## [YOUR GOAL]
In the entries below, find the line with "Good Old Times" and the line with "Exploring different types"; reproduce those two lines and all lines between them exactly, without pictures.

━━━ DATA FOR THIS EXERCISE ━━━

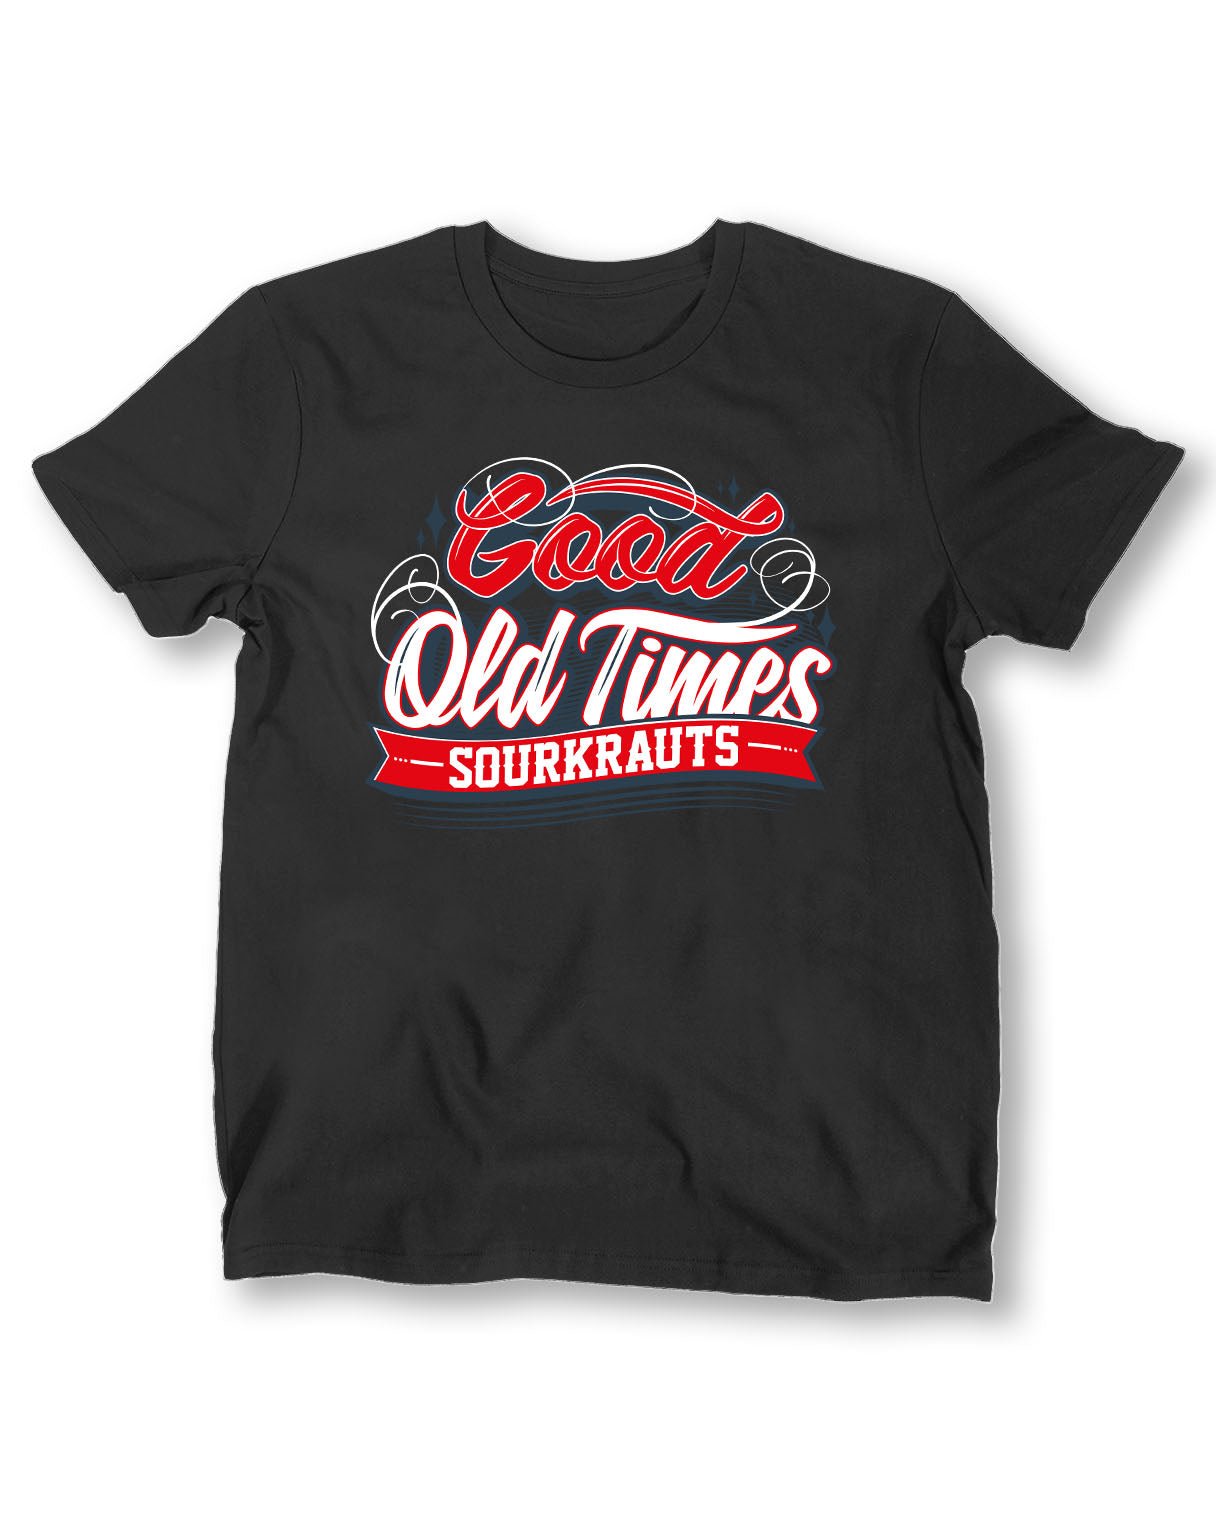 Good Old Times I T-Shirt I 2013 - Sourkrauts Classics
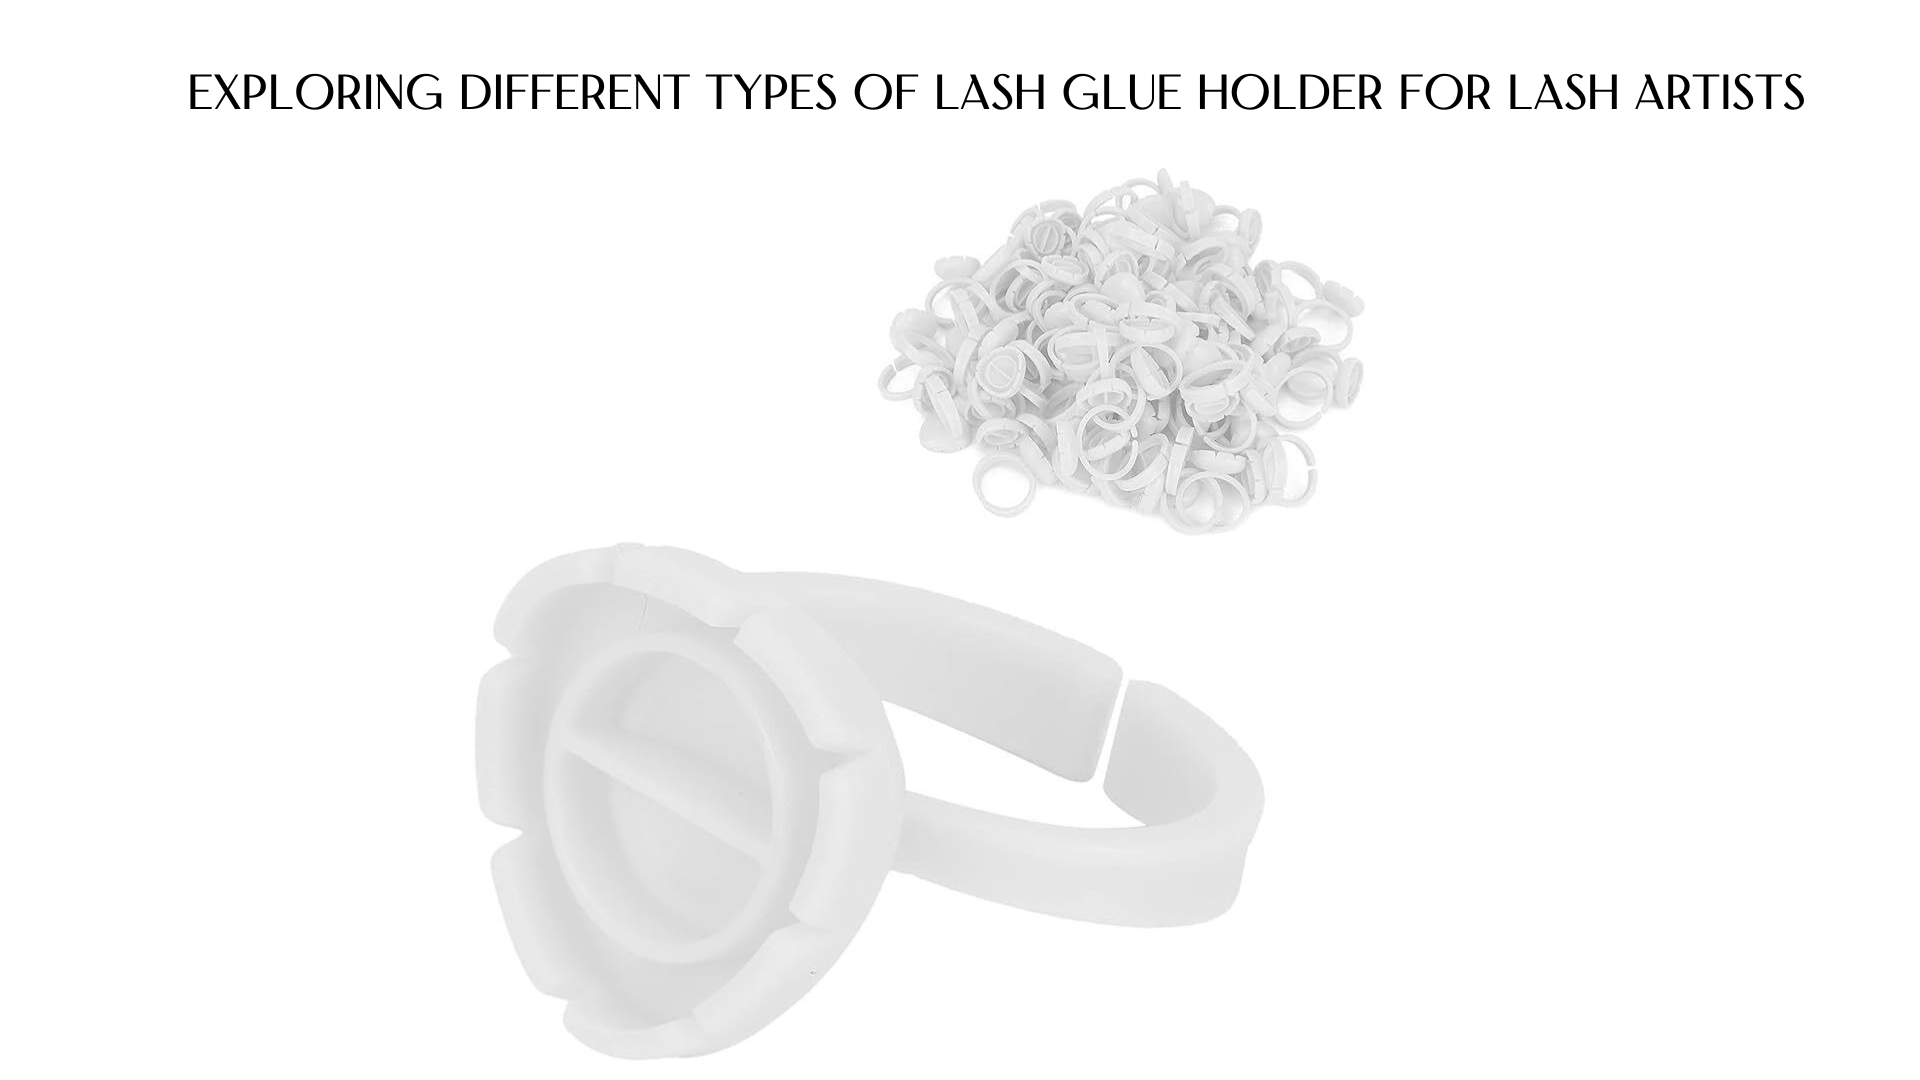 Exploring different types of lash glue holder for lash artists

━━━
━━━ DATA FOR THIS EXERCISE ━━━

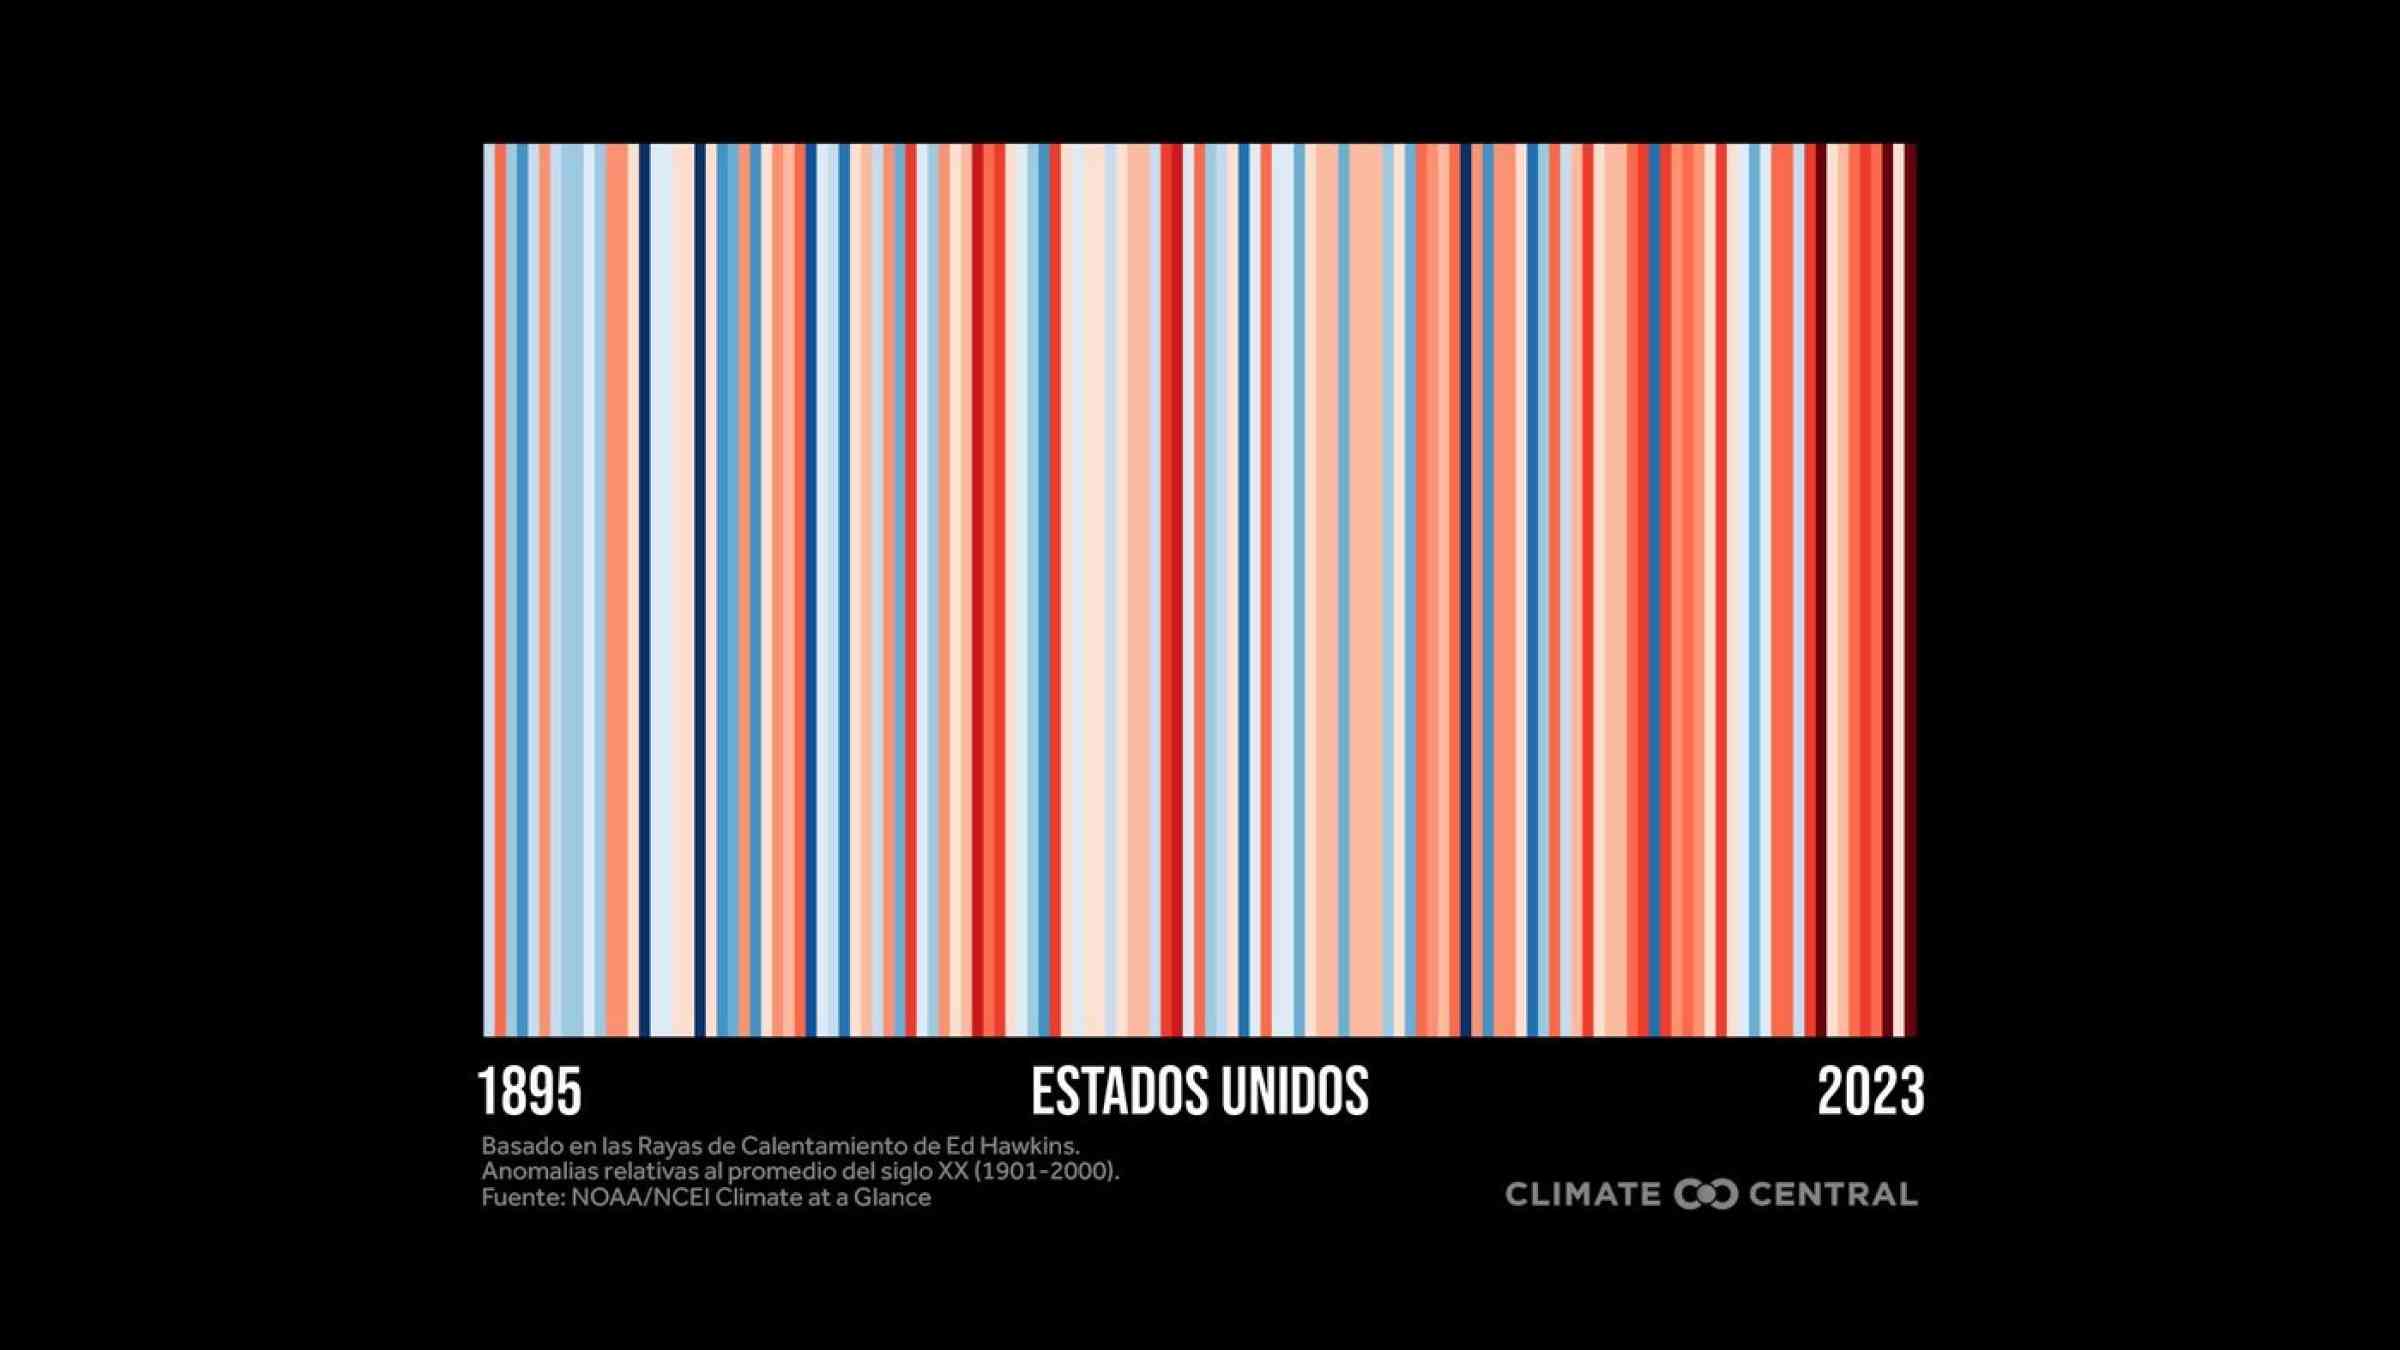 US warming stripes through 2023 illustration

━━━
━━━ DATA FOR THIS EXERCISE ━━━

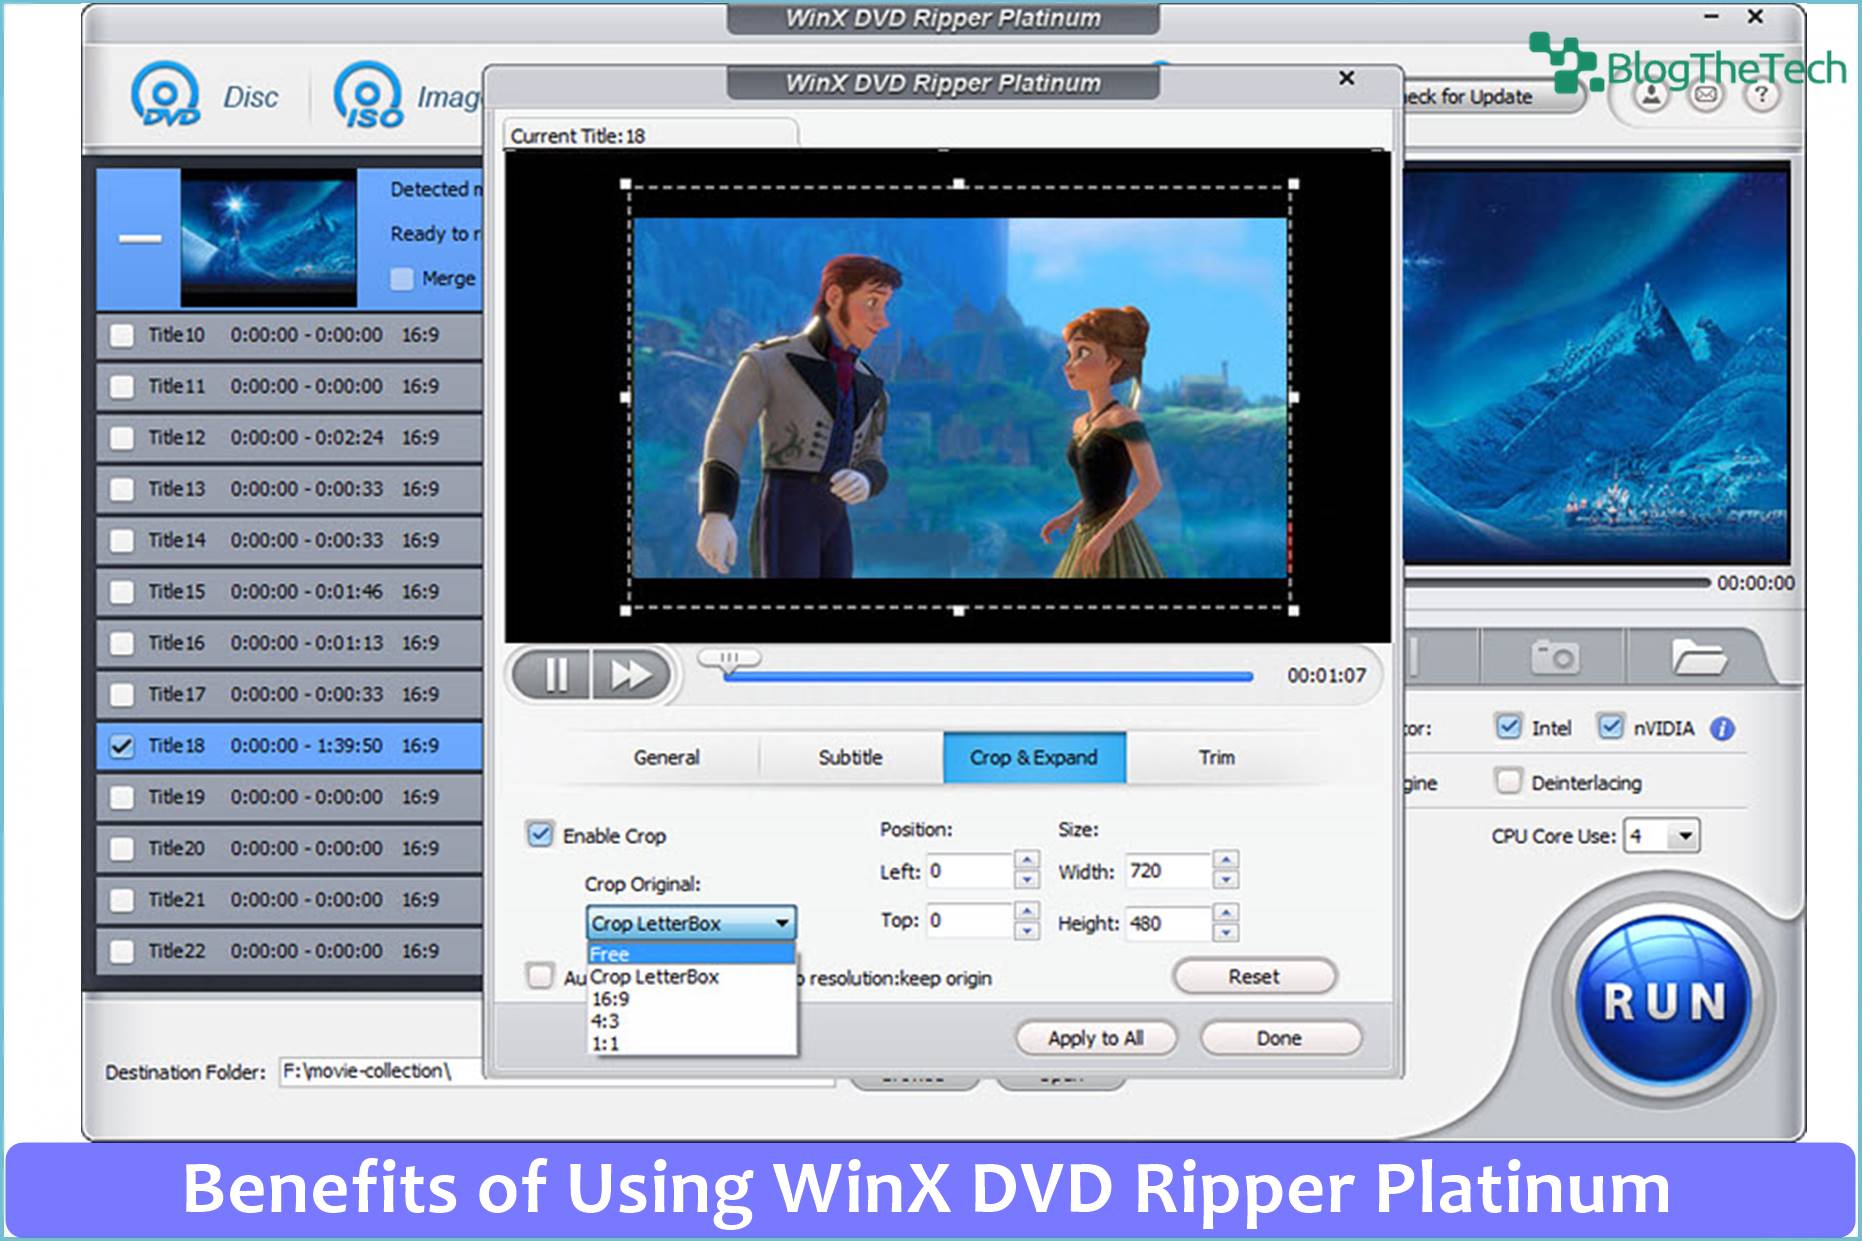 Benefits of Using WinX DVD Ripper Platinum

━━━

## [RESPONSE BELOW]
 Good Old Times I T-Shirt I 2013 - Sourkrauts Classics
 Exploring different types of lash glue holder for lash artists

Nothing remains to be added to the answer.